If you upload both (and sometimes we see 10+ of the "same shot" on the same day by the same photog (not Justin though)!
Pepef From Finland, joined Oct 2002, 440 posts, RR: 10 Reply 10, posted (9 years 3 months 1 week 5 days 1 hour ago) and read 1143 times:
Ok Glenn, that was a good argument. I've uploaded baddoubles, but will refrain from it in the future. I was a bit unclear about the rules though.
One photo was taken in ambient lighting with a view of snowcovered ground out the windows, the other one, using a flash on final. So I didn't realize they were going to be treated as baddoubles. I at least try to self screen, but I'm new to this hobby (18 months) and still learning.
I would have thought that seven (or was it 9) people standing shoulder to shoulder and uploading the same pic of the same plane taken at the same time and place would constitute for a bad-double, but that doesn't seem to be the case.

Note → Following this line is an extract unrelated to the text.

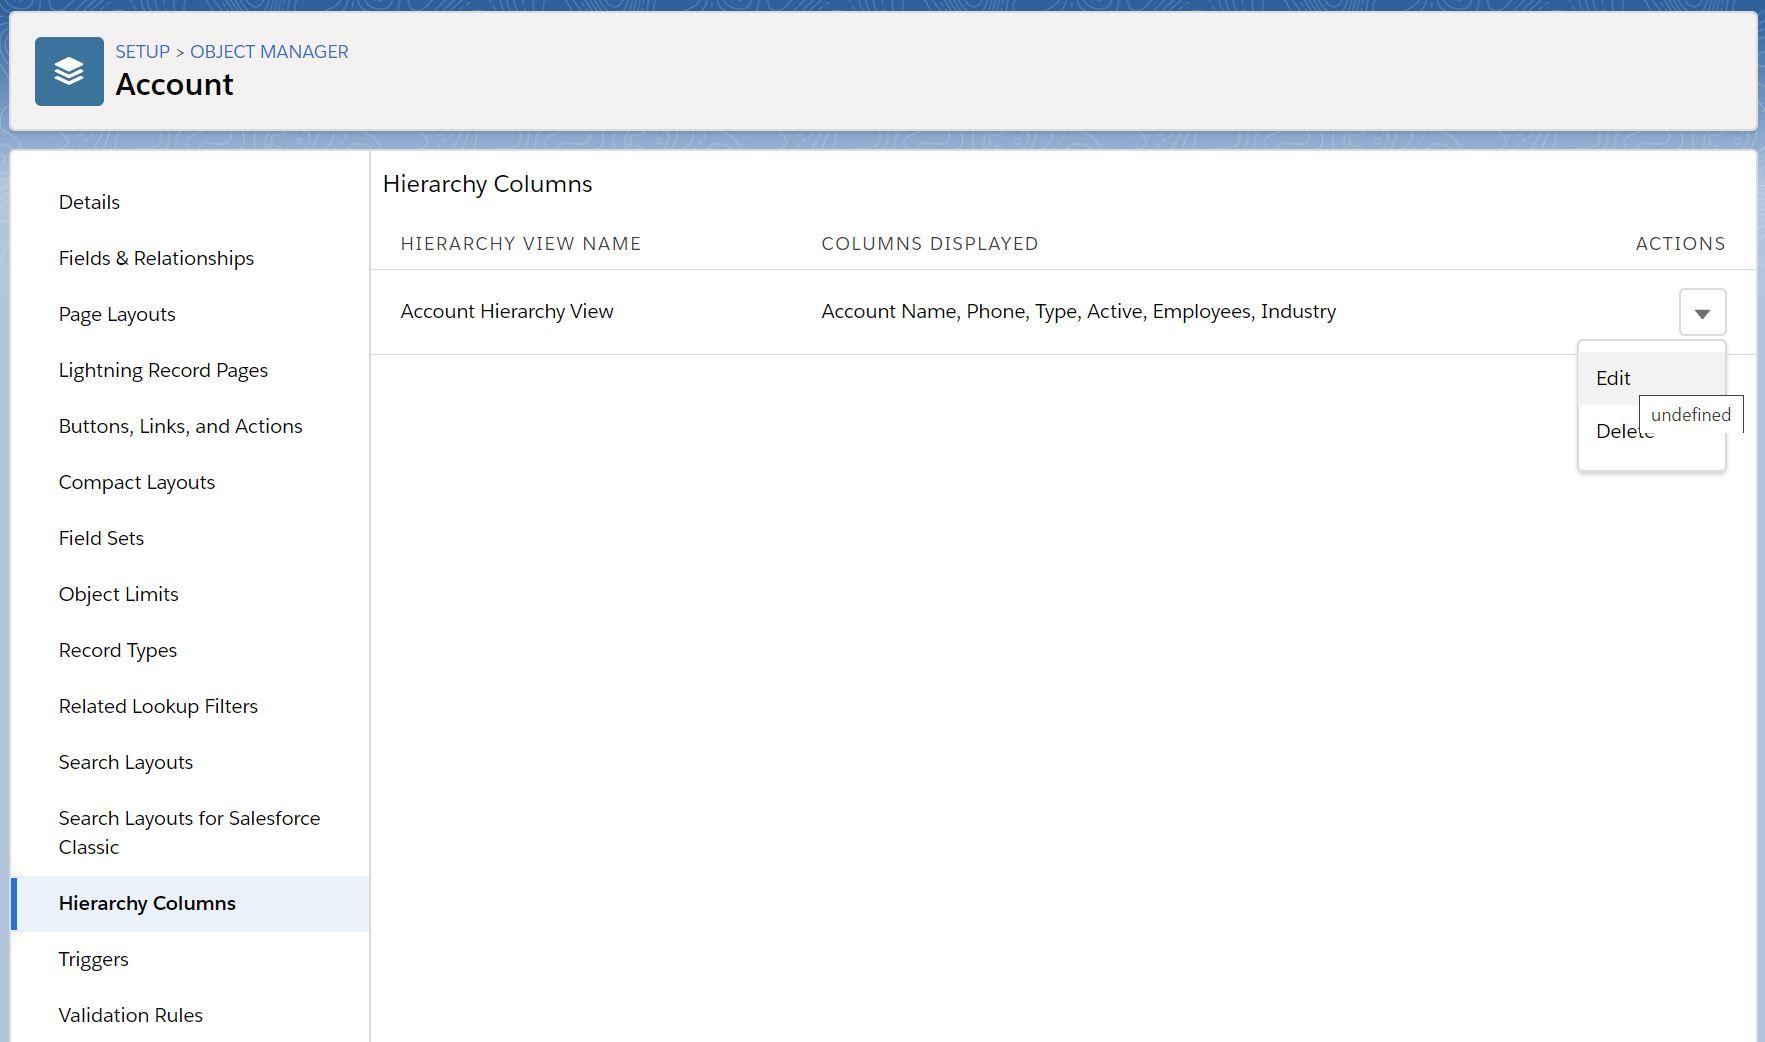 account-hierarchy-columns

But a photo of a flight deck at snowcovered Helsinki at dawn and 11 hours later in Bangkok with a view of palm trees outside the window is a baddouble.
See, I'm learning.
Just kidding. And the right photo ended up here anyway.
Pepef From Finland, joined Oct 2002, 440 posts, RR: 10 Reply 12, posted (9 years 3 months 1 week 5 days ago) and read 1133 times:
I would, but there is a great chance it wouldn't have been accepted once it was screened after three weeks of waiting, and then I'd have to upload another one, wait another three weeks to see what happens. Maybe after the third try and 9 weeks I might get lucky.
But another reason is, that I really thought that taxiing, climb, cruise, descent, approach, and landing were sufficiently different to be treated as separate phases of flight. I didn't realize people were only interested in the dials and breakers.
I thought dumly that the view outside the window and different lighting conditions might be of interest to someone. Now I know better. I have one picture where everything is crystal clear, except everything outside the window, which is a blur, course we were hit by a jet blast at 50ft. Badscan, badblurry. I self-screened that one.
I don't view myself as God's Gift to Aviation Photography. The screening times have just been frustratingly long. I'm glad you people have noticed it too and have done something about it. I'm perfectly willing to only upload one shot, see what happens and after that upload another one, providing the waiting times are days, not weeks.